What makes you so sure?
"... otherwise poetry criticism would be written in verse, music criticism in musical notation."
In verse? No. But in the mode of poetic thinking? Yes.
A play or a novel has many modes of being: as repositories of historical information, manifestations of political and cultural perspectives, linguistic and symbolic artifacts--any one or all of which are worthy of our attention and study--yielding knowledge by application of methods borrowed from, and not altogether unlike, those of the hard sciences. Methods which, if we are not critical regarding our own thinking, we might mistake for evidence of the efficacy of the application of reason, as opposed to emotion.
And here is my problem with what you wrote.
When we read, Proust wrote, we read ourselves. An engagement with a play, a novel, a story, a painting... is a double encounter, a dialogue. Critical writing that engages the text is always personal.
Of all Shakespear's plays Macbeth is the most rapid, Hamlet the slowest, in movement. Lear combines length with rapidity,--like the hurricane and th whirlpool, absorbing while it advance. It beings as a stormy day in summer, with brightness; but that brightness is lurid, and anticipates the tempest.Coleridge, from Lectures on Shakespeare.
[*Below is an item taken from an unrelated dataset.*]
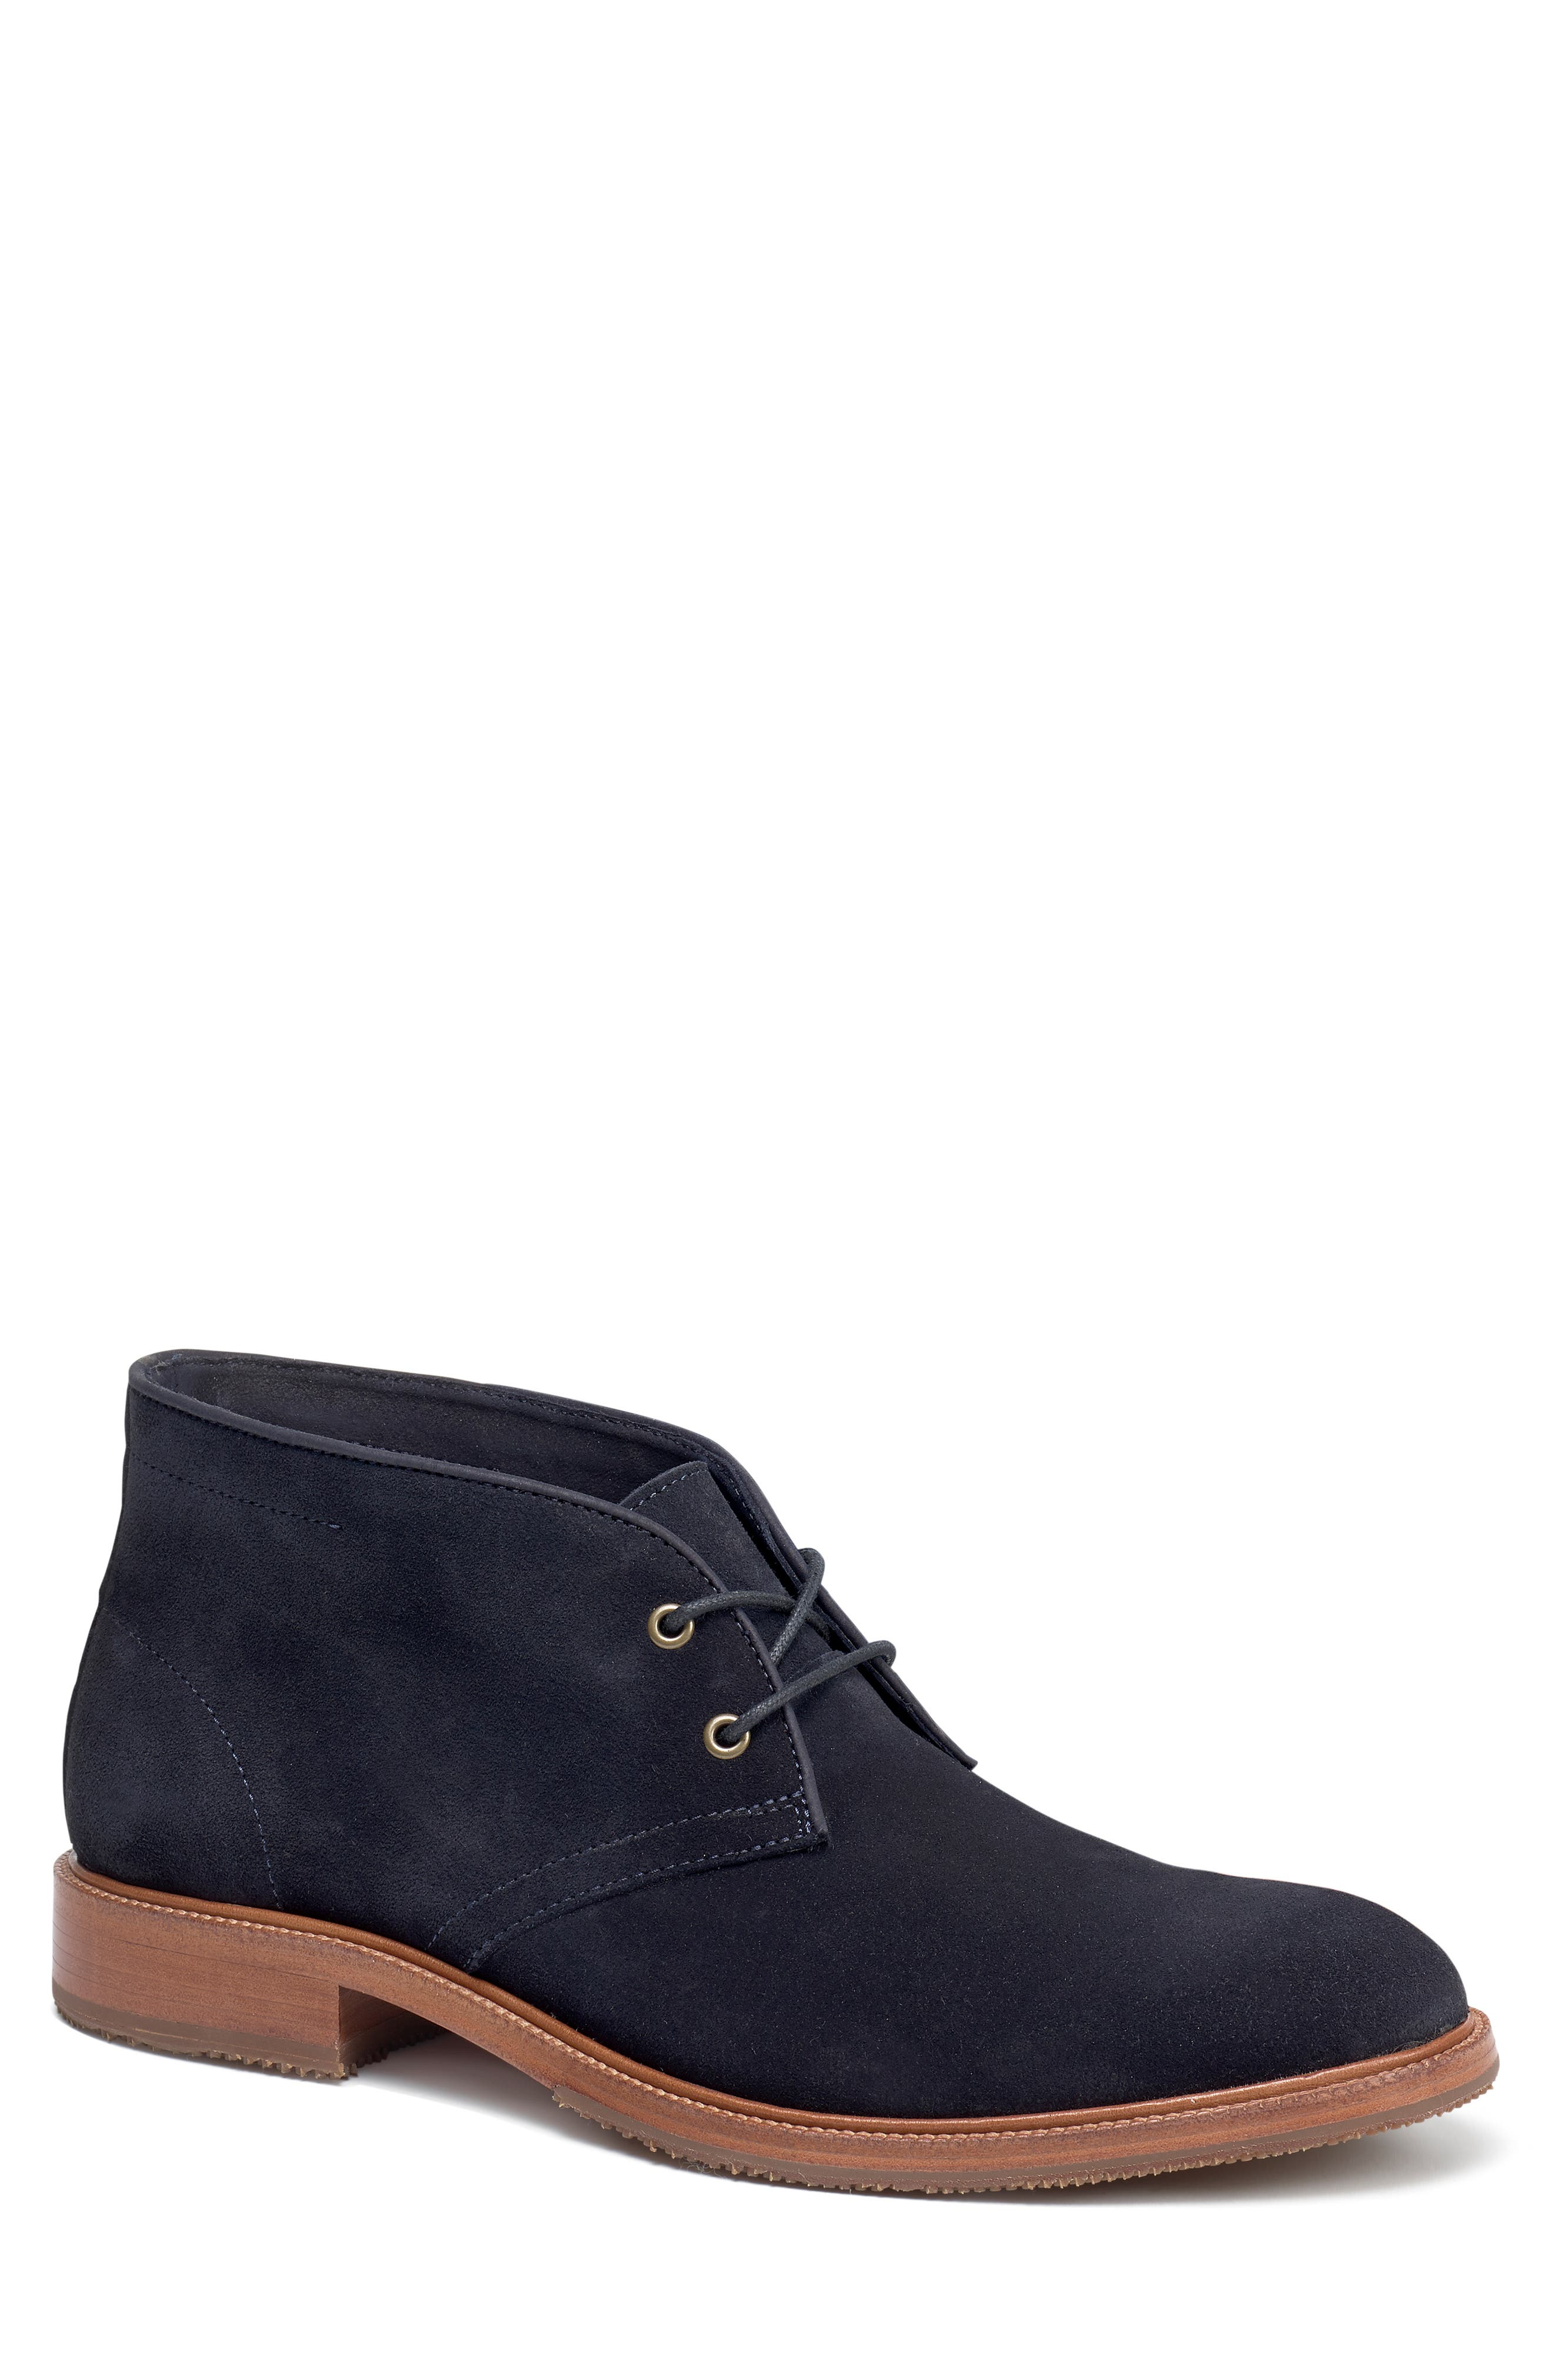 Trask Landers Chukka Boot, Blue

The tragedy of Lear is deservedly celebrated among the dramas of Shakespeare. There is perhaps no play with keeps the attention so strongly fixed: which so much agitates our passions and interests our curiosity. the artful involutions of distinct interests, the striking opposition of contrary characters, the sudden changes of fortune, and the quick succession of events, fill the mind with a perpetual tumult of indignation, pity, and hope. ... So powerful is the current of the poet's imagination, that the mind, which once ventures within it, is hurried irresistibly along.
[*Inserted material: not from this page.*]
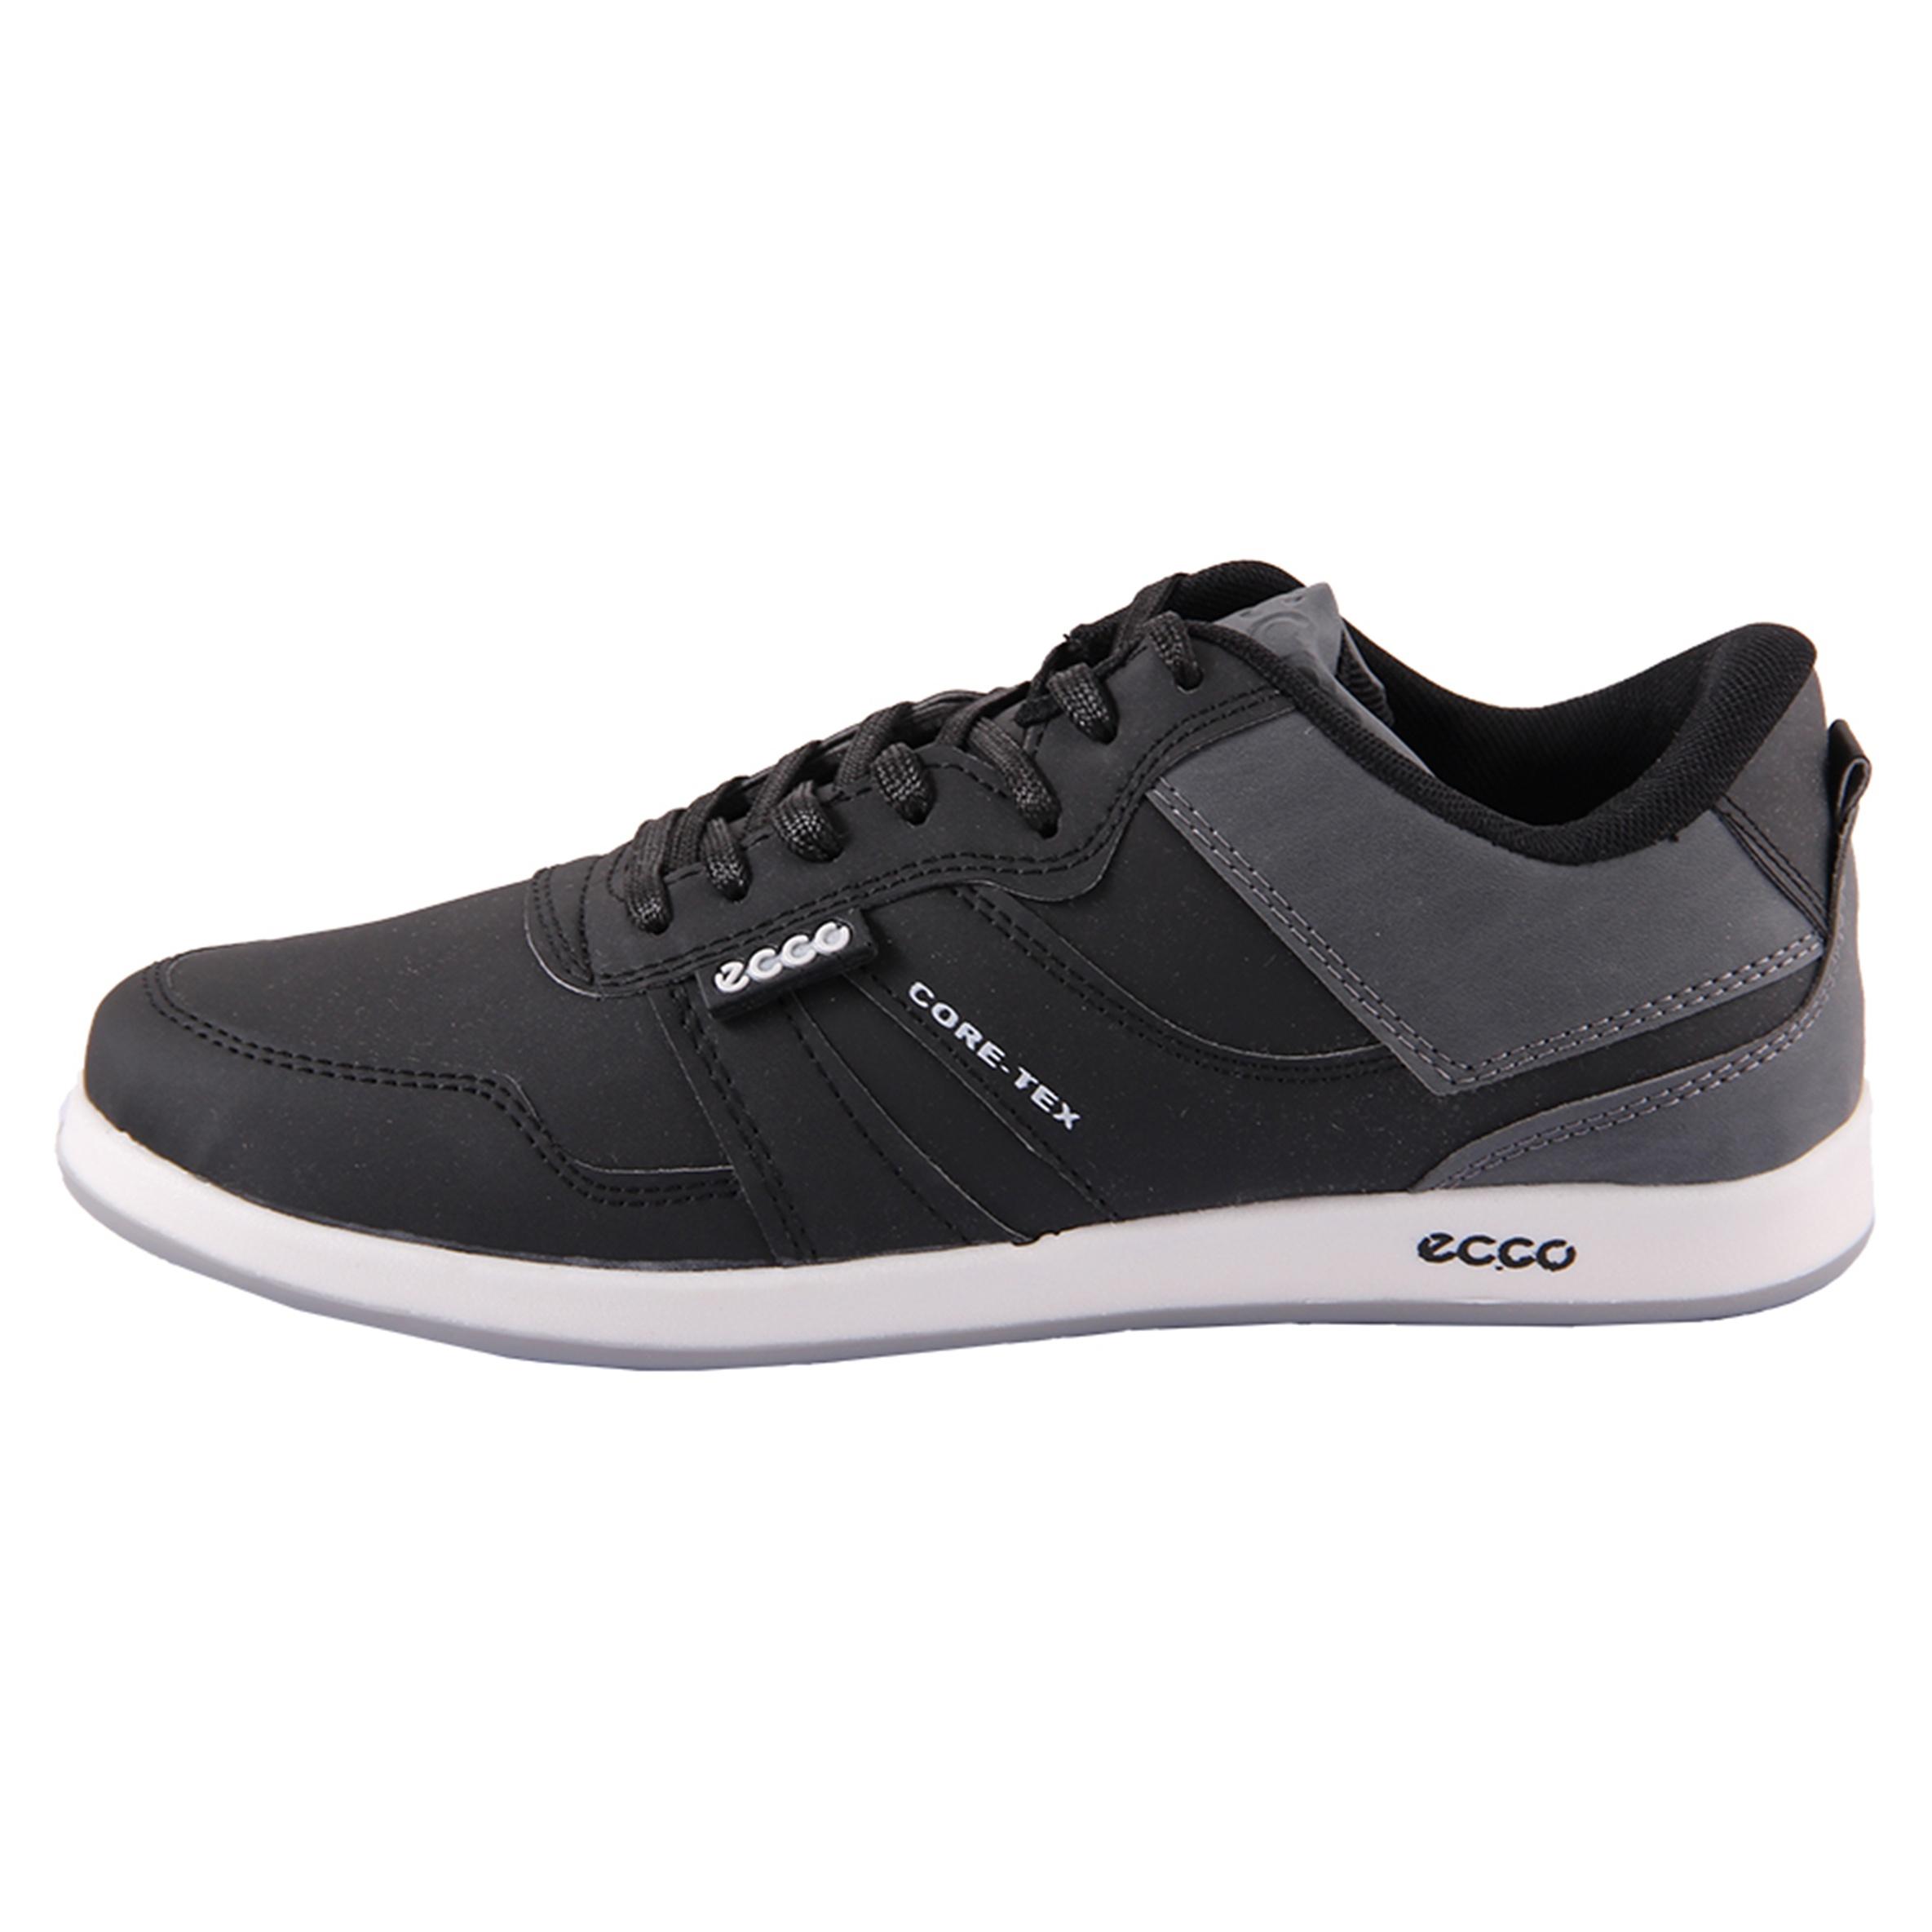 خرید                      کفش اسپورت مردانه کد 35-39793

Samuel Johnson, Notes on King Lear
Johnson and Coleridge are reading themselves in reading the play, and in reading themselves, they give us a new portal into the experience and understanding of the play--a kind of reading that does not come by remaining an outsider to the experience, and writing and reflection that is filled and empowered by an engagement which cannot be dissected into categories of "emotion" and "reason" anymore than you can find such distinctions in a poem or play that succeeds on an aesthetic level. We can get away with pretending we are brains in a bottle when investigating the stars (though I see no evidence of that when I read scientists of the highest order... say, like those who post on Cosmic Variance--and can't imagine Sean Carroll making such a claim), but even so, there is a difference when we are thinking about the aesthetics of a text. Treated as an object (as "devices" we can dissect as artifact: of culture, repository of history) --the aesthetic engagement is erased. It cannot endure the unengaged glance. To think and write about the aesthetics of a literary work, you must be engaged in the aesthetic experience: thinking with the body and feeling with the mind. The best critical writing is fully synesthetic--engaging all the senses interchangeably, mind and body as one.
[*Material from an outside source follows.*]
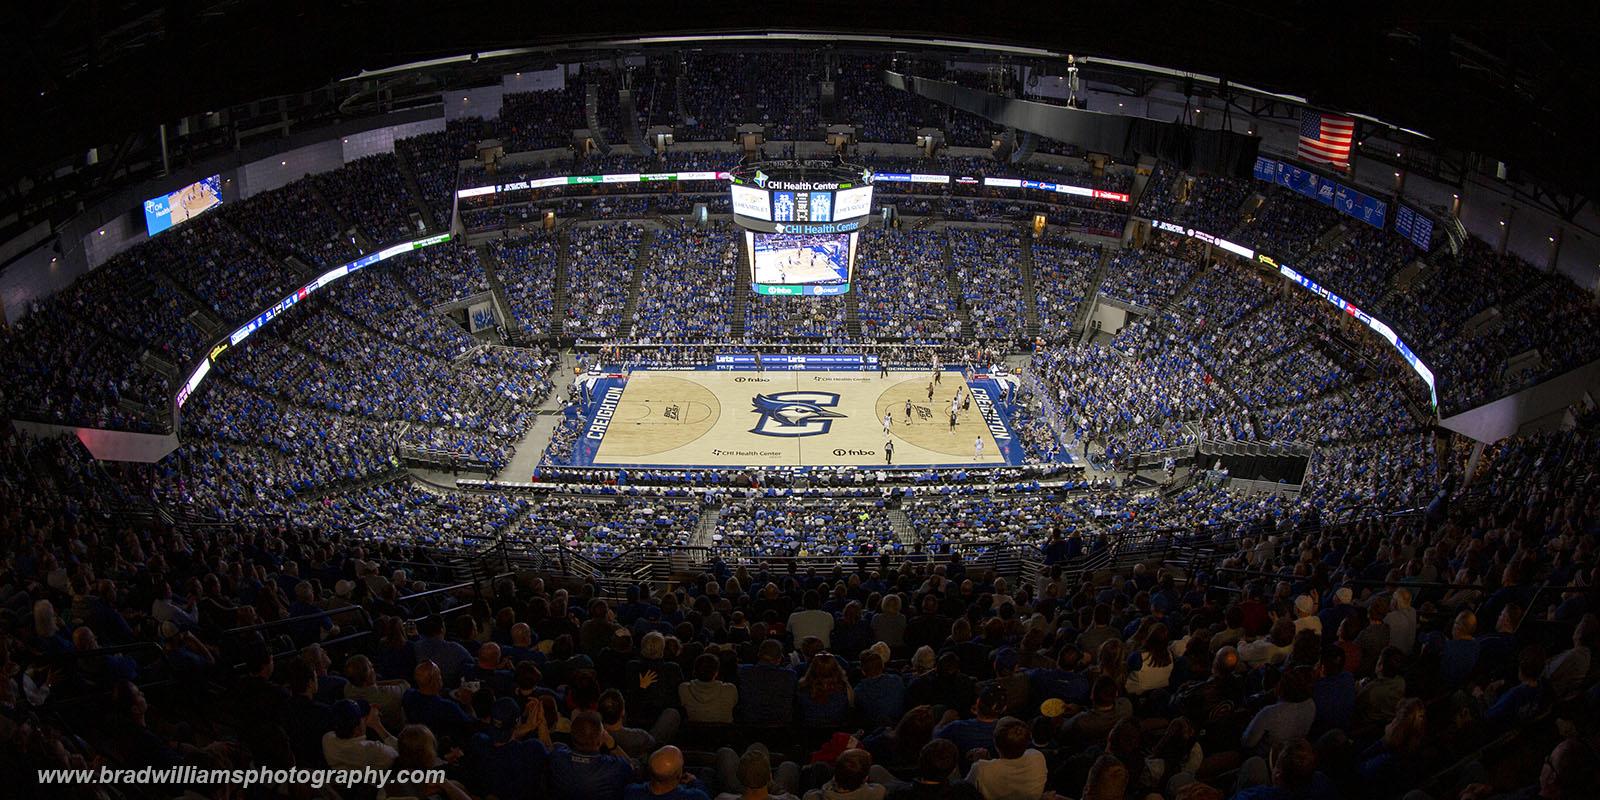 Creighton VS Butler 2/23/2020, Attendance = 18,148

I've said enough for one post. I thought I might go on to defend The Rake, and comment on what I think he's reacting to in Woods, but that would take a extended post in itself. I can suggest that it is Woods exclusionary approach, his disengagement from the works he comments on, his reduction of what he reads to objects for dissection with no evidence of engagement, that closes the door to any possibility of dialogue... he neither treats the text as pure artifact, nor permits mutual engagement, rather, he insists on speaking from a ground that exists only apart from mutual engagement/ The Rake addresses that... and you have a problem with his engagement... a problem, you have yet to address.